§ **DIRECTIONS**
Repeat exactly what runs from the line containing "Waterproof Airtag Cat" through the last line of the material below. Do not copy the pictures.

§ **DATA**
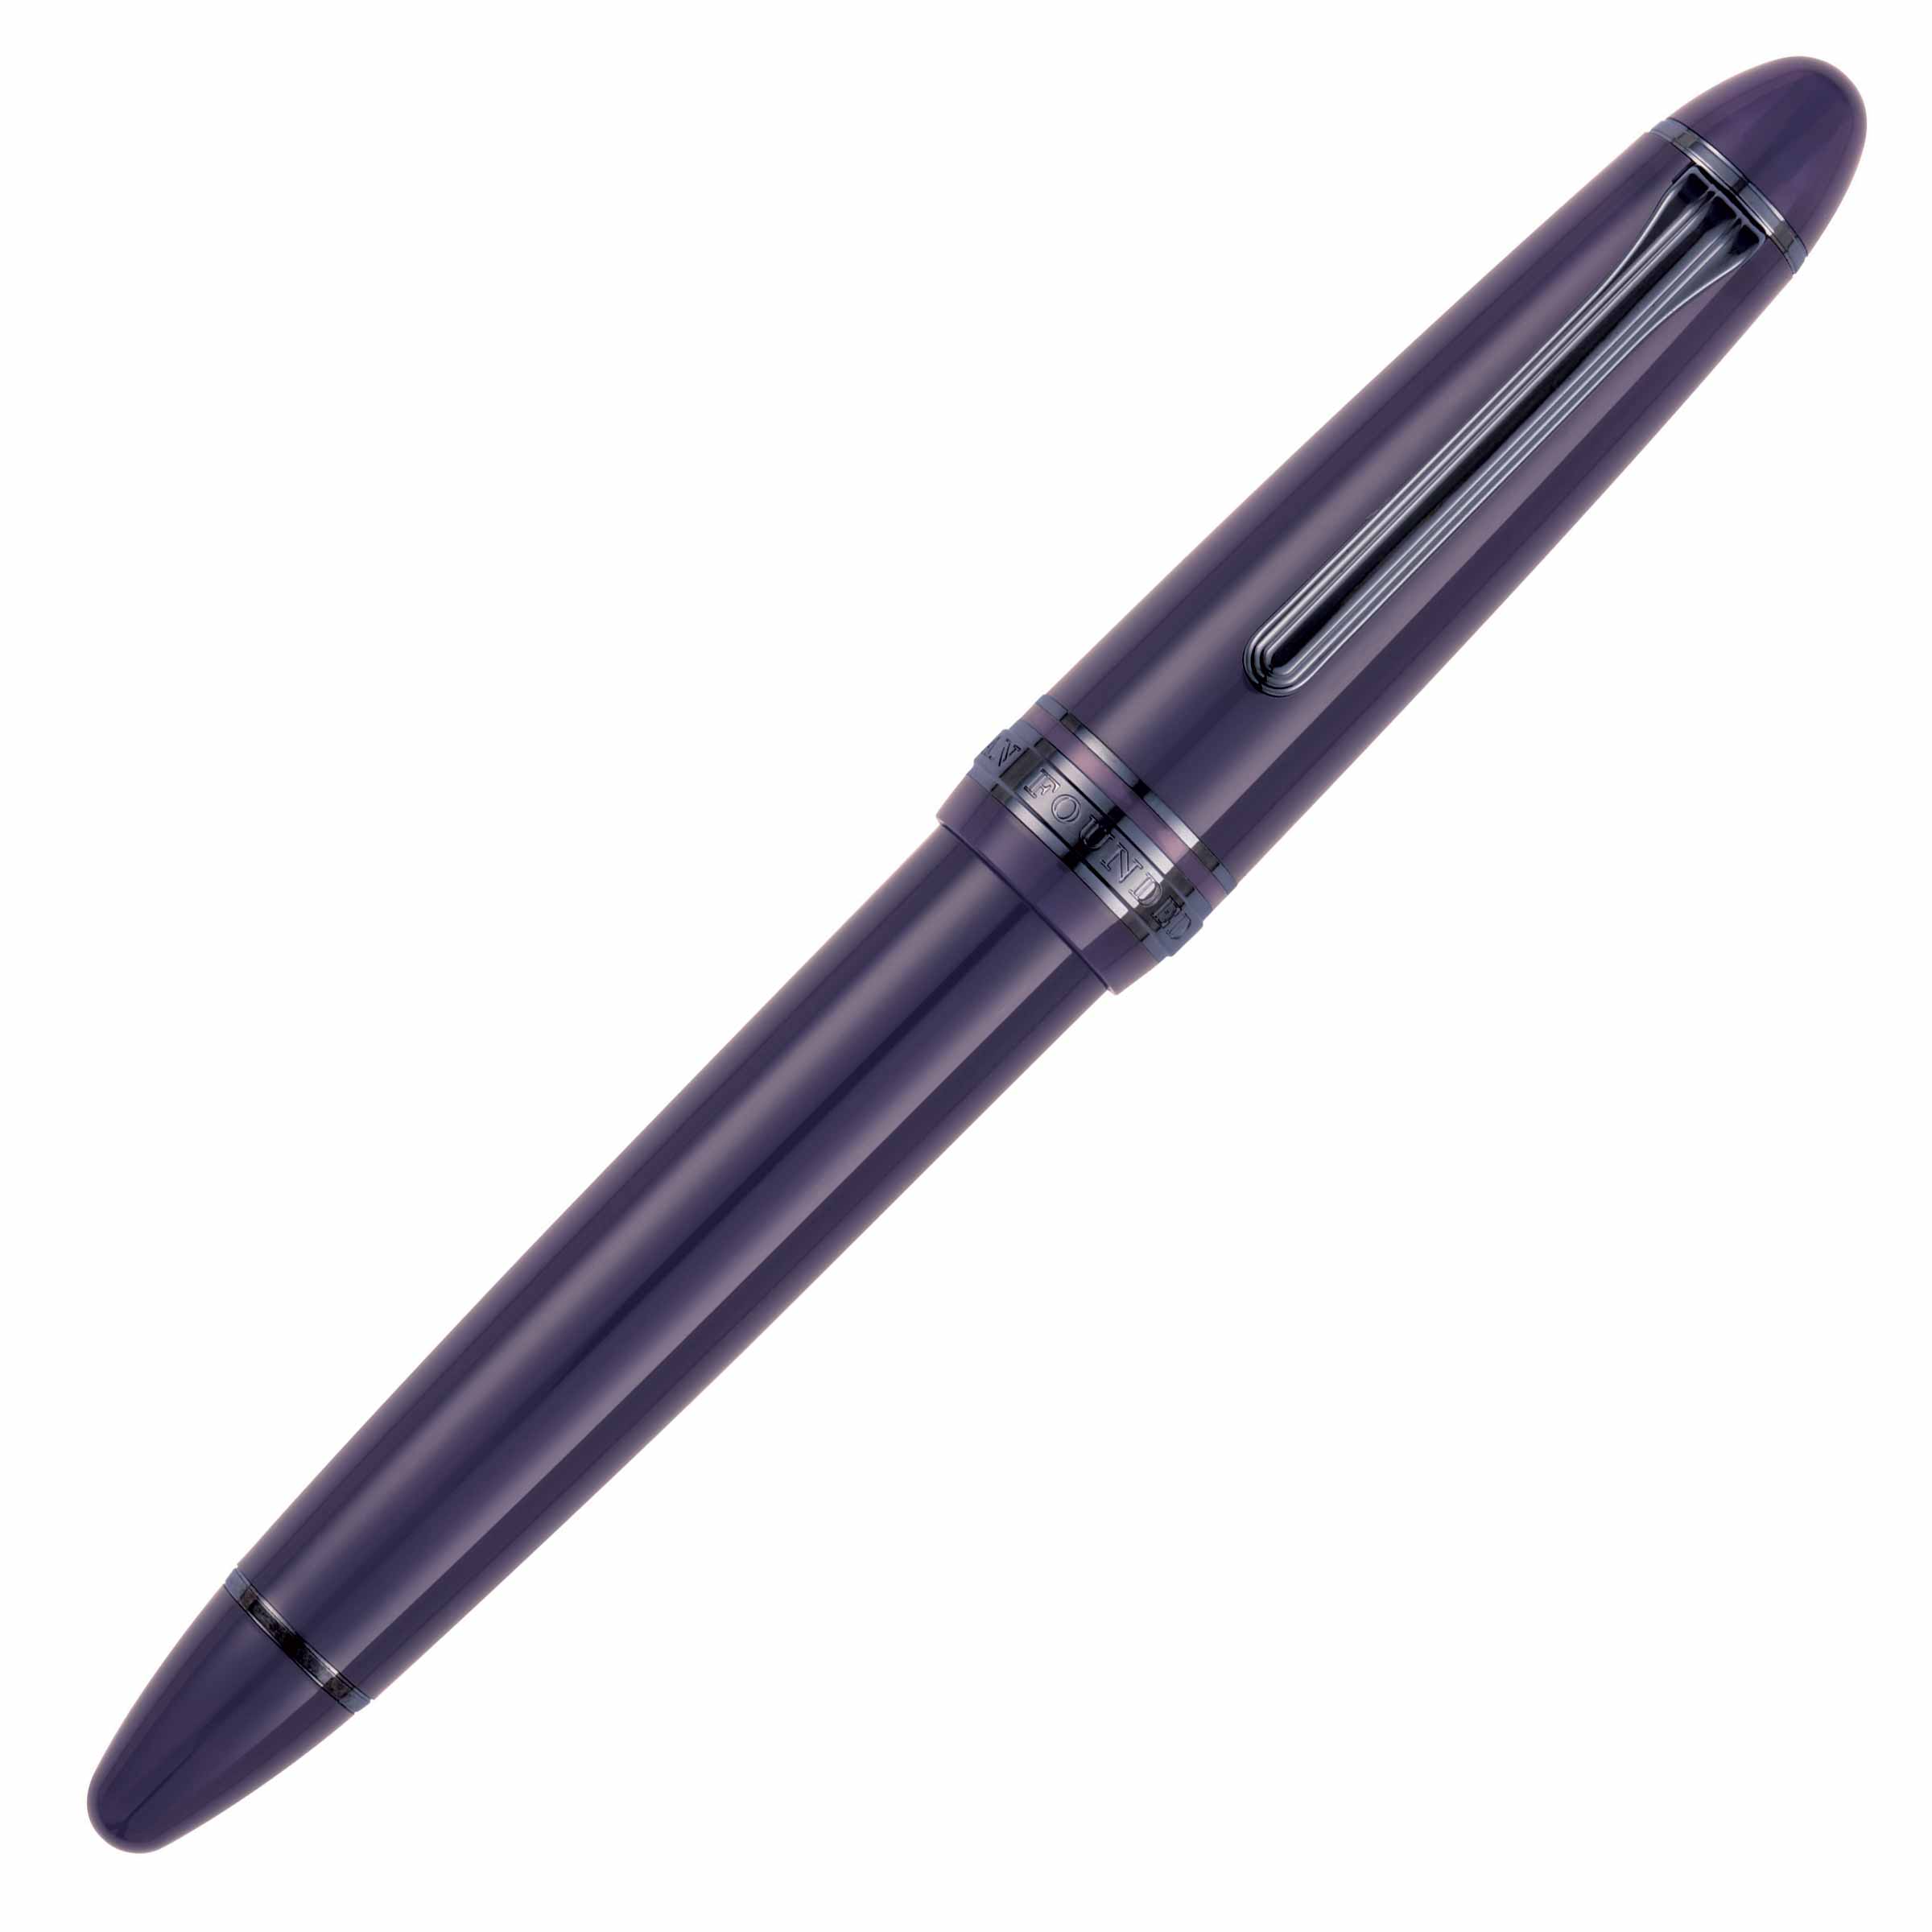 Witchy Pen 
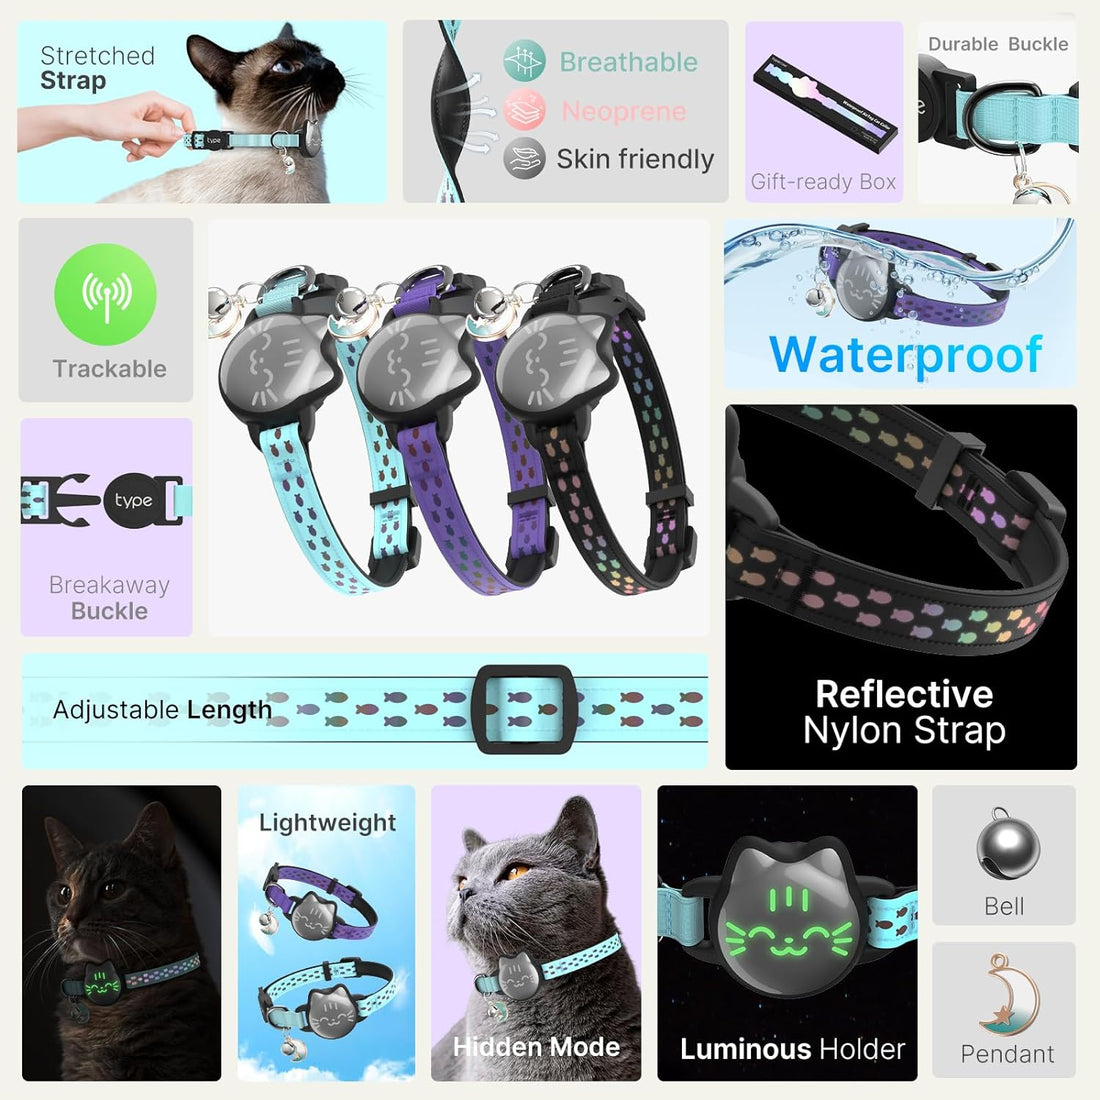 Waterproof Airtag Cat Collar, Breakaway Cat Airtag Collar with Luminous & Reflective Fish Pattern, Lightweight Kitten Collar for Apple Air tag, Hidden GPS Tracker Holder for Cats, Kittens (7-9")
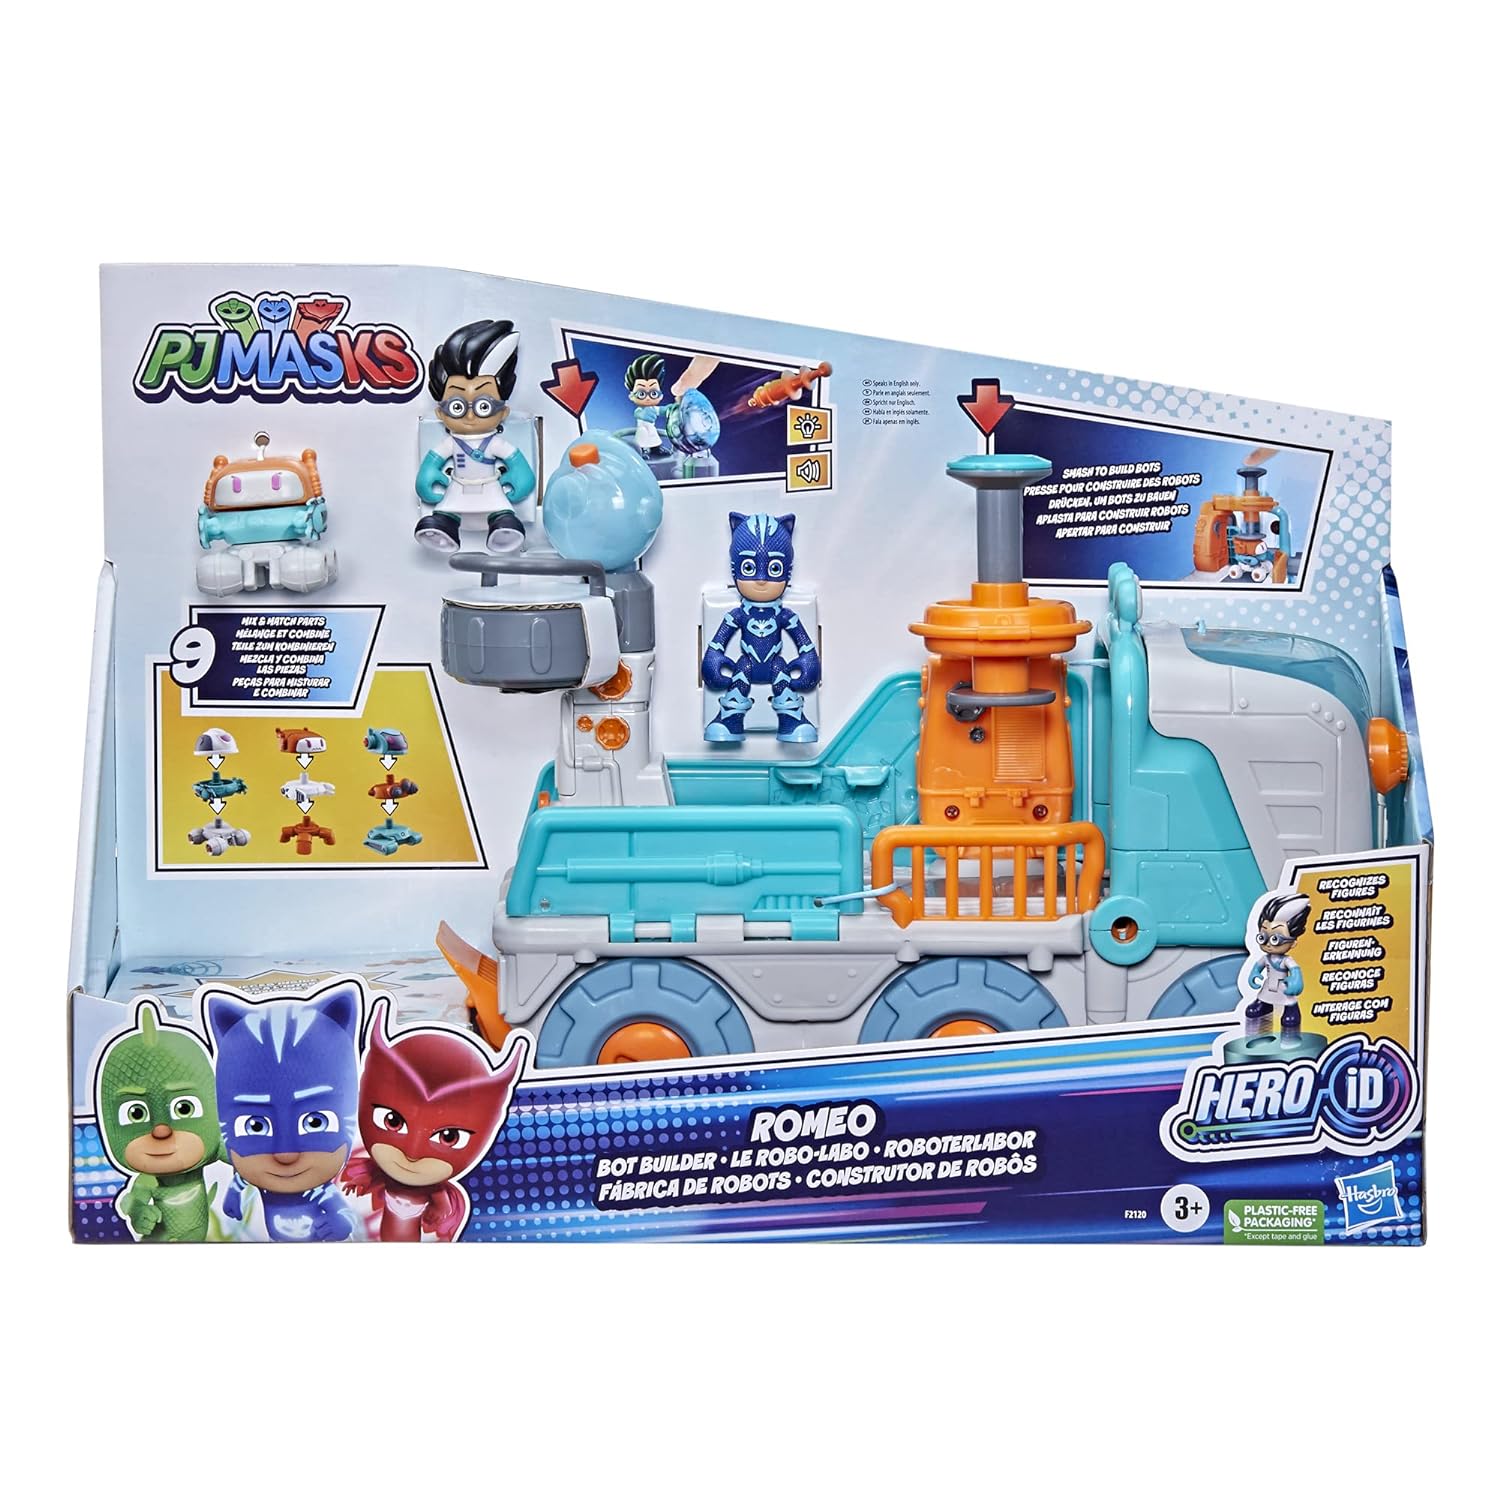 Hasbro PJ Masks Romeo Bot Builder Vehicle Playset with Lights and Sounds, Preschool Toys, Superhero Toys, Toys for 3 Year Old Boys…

§ **WRITTEN SOLUTION**
 Waterproof Airtag Cat Collar, Breakaway Cat Airtag Collar with Luminous & Reflective Fish Pattern, Lightweight Kitten Collar for Apple Air tag, Hidden GPS Tracker Holder for Cats, Kittens (7-9")
 Hasbro PJ Masks Romeo Bot Builder Vehicle Playset with Lights and Sounds, Preschool Toys, Superhero Toys, Toys for 3 Year Old Boys…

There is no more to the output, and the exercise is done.